I’m not sure if you’ve also noticed something that I’m noticing in myself.
Reading a story such as the one saying that Bradley Manning wishes to be considered a woman elicits a response from me and allows me to see where I’m at with things. I notice I feel touched by Bradley sharing that.
Or reading your comments sent in does it as well.
The gentleman from California who exists on an $800 pension and sent the Hope Chest $25 nearly had me in tears.
Well, he did have me in tears. I’m just being a “man” and not coming right out and saying it. I still weep every time I think of it.
Christina was saying that she wept upon watching the video of Dominic Giamo (1) – and I did the same.
Why am I telling you this? Because these small events can be used as gauges of how the energies are impacting us.
I’m much more “touchable” and vulnerable these days. I feel much softer.
I have plans in the months ahead to run an experiment on generosity. I can’t give the details yet, but I’m to be enabled to practice generosity and, as a student of awareness, I plan to make an in-depth study of it.
As I would with any other significant emotion I have, I plan to watch its rise and fall, what opposes or resists it, what my thoughts are that trigger action, where it leads to, what pitfalls present themselves, how I handle them, and anything else I can learn about this divine quality.
I think it must be my second favorite divine quality, next to my first favorite, courage.
That will be a major study for me. I already know it will be.
Many masters have said things like “know thyself” or “the proper study of mankind [humanity] is man [humans].” I personally get the greatest delight out of making of myself an object of study. The path of self-awareness is my spiritual discipline.
I don’t mean for egotistical or narcissistic reasons, although my own egotism or narcissism would become one more thing to study. I mean everything about me – the good, the bad and the ugly.
I watch myself behave – and misbehave – think, feel, and remember, every moment of the day. For some reason, doing that raises love in me.
It’s the opposite of watching another and judging. Nothing kills love faster or more completely than judging.
The path of awareness has always been a major source of satisfaction for me. Many others watch movies or go on picnics or take drives in the country. I walk myself down a city street or sit on a bus and just observe myself and my own doings. I watch the rise and fall of my breath. I watch the ebb and flow of emotions. I watch the thoughts as they whiz by.
When I talk with others, we share our noticings. We compare notes. The very best conversations are those in which we learn new things about ourselves.
Long ago I used to wonder why people talked about themselves. Now I know. We are what we need to know about.
I’m seldom given to commenting on another, unless I feel genuinely inconvenienced by the other’s behavior or words. What I’m most interested in, and I think I always will be, is who am I in the matter?
I watch the impact on me of telling the truth, sharing a withhold, making a promise, making a declaration, or taking a stand.
Plotinus used to call this “polishing the statue” and it’s a major path to enlightenment. (2)
Our task in life is to know who we are. There’s nothing else that’s asked of us than to solve that Sphinx’s riddle.

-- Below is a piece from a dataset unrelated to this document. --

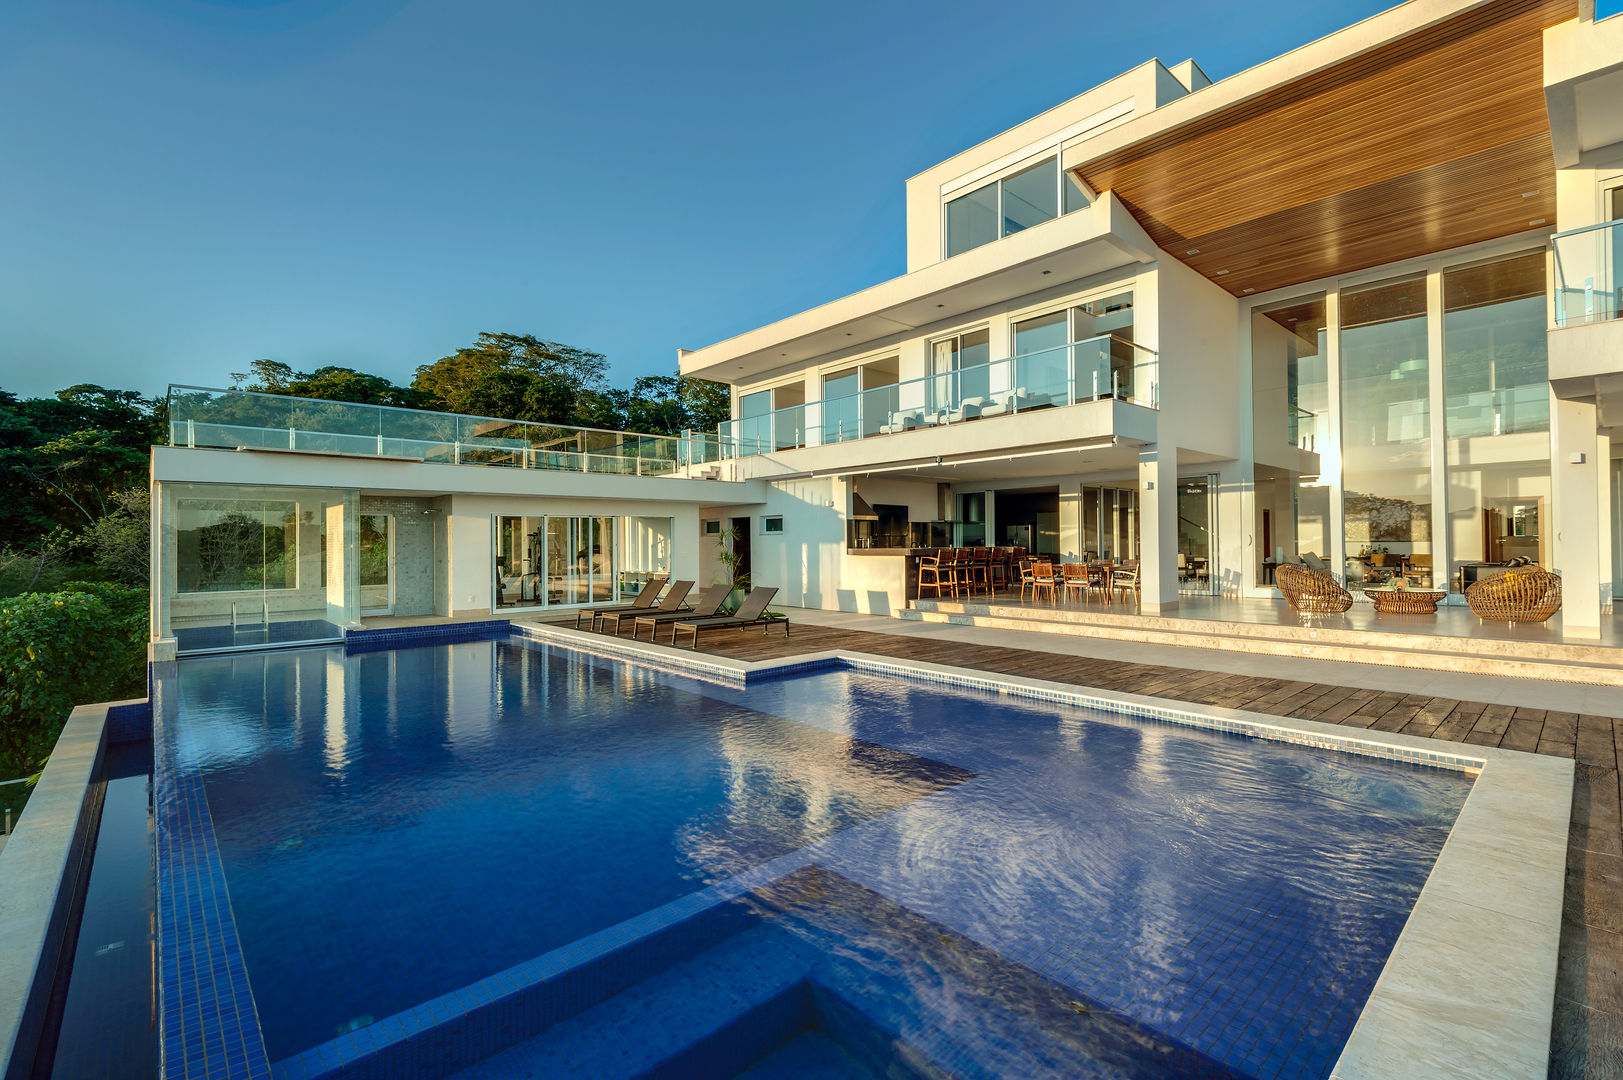 casa da colina dayala e rafael arquitetos associados Piscinas modernas piscina pool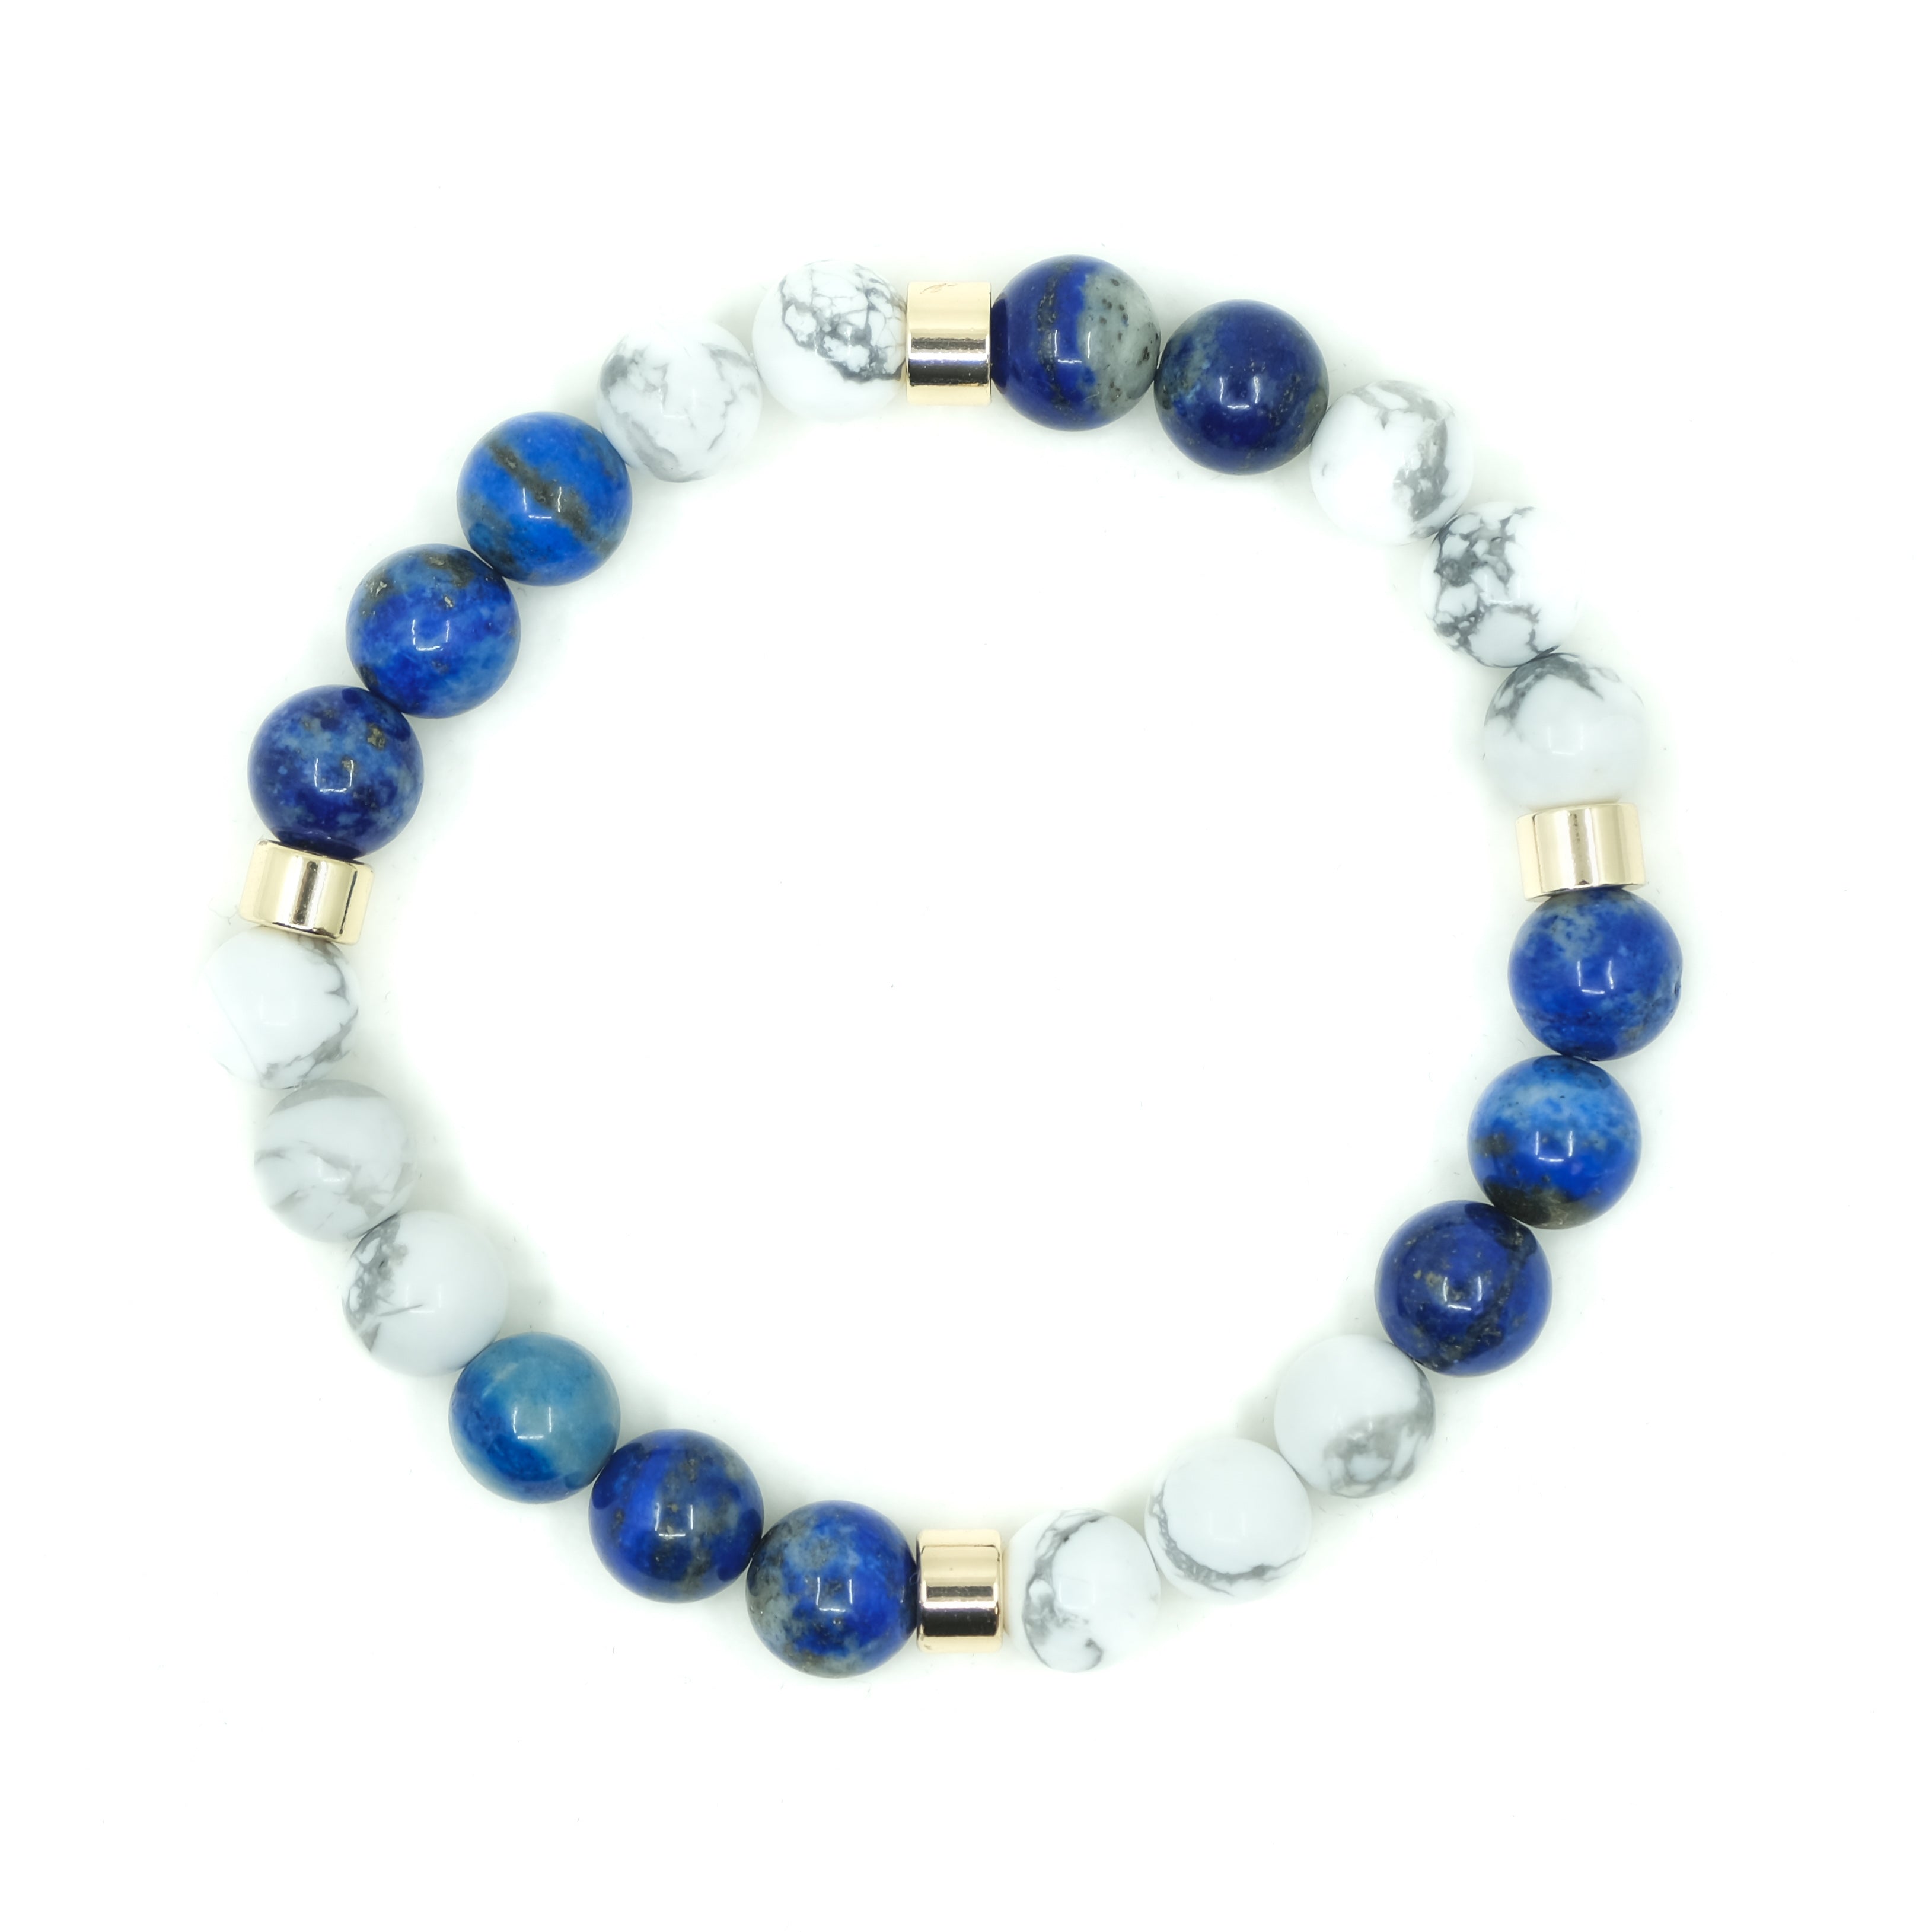 Lapis Lazuli and Howlite Energy Gemstone Bracelet Sample Sale

Look at almost any channeled message and you’ll see that the bottom line is what they may call education, learning, or experiencing and that which we educate ourselves on, learn about or experience is … well, ourselves.
Who are we? That vital question always remains to be answered. And when we find the answer, we also find enlightenment. And when we find the ultimate answer, we reach the end of the road home to God.
Which is who we are. Which always remains where we came from and where we’re headed.
Footnotes
(1)
(2) “What is this vision like? How is it attained? How will one see this immense beauty that dwells, as it were, in inner sanctuaries and comes not forward to be seen by the profane?
“Let him who can arise, withdraw into himself, forego all that is known by the eyes, turn aside forever from the bodily beauty that was once his joy. He must not hanker after the graceful shapes that appear in bodies, but know them for copies, for traceries, for shadows, and hasten away towards that which they bespeak. … Withdraw into yourself and look. …
“Do as does the sculptor of a statue that is to be beautified: he cuts away here, he smooths it there, he makes this line lighter, this other one purer, until he disengages beautiful lineaments in the marble. Do you this, too.
“Cut away all that is excessive. straighten all that is crooked, bring light to all that is overcast, labor to make all one radiance of beauty. Never cease ‘working at the statue’ until there shines out upon you from it the divine sheen of virtue….
“Have you become like this? Do you see yourself, abiding within yourself, in pure solitude? Does nothing now remain to shatter that interior unity, nor anything cling to your authentic self? Are you entirely that sole true light which is not contained by space, not confined to any circumscribed form, not diffused as something without term, but ever immeasurable as something greater than all measure and something more than all quantity? Do you see yourself in this state?
“Then you have become vision itself. Be of good heart. Remaining here you have ascended aloft. You need a guide no longer. Strain and see.” (Plotinus in Elmer O’Brien, ed., The Essential Plotinus. Representative Treatises from the Enneads. Toronto: New American Library, 1964, 40-3.)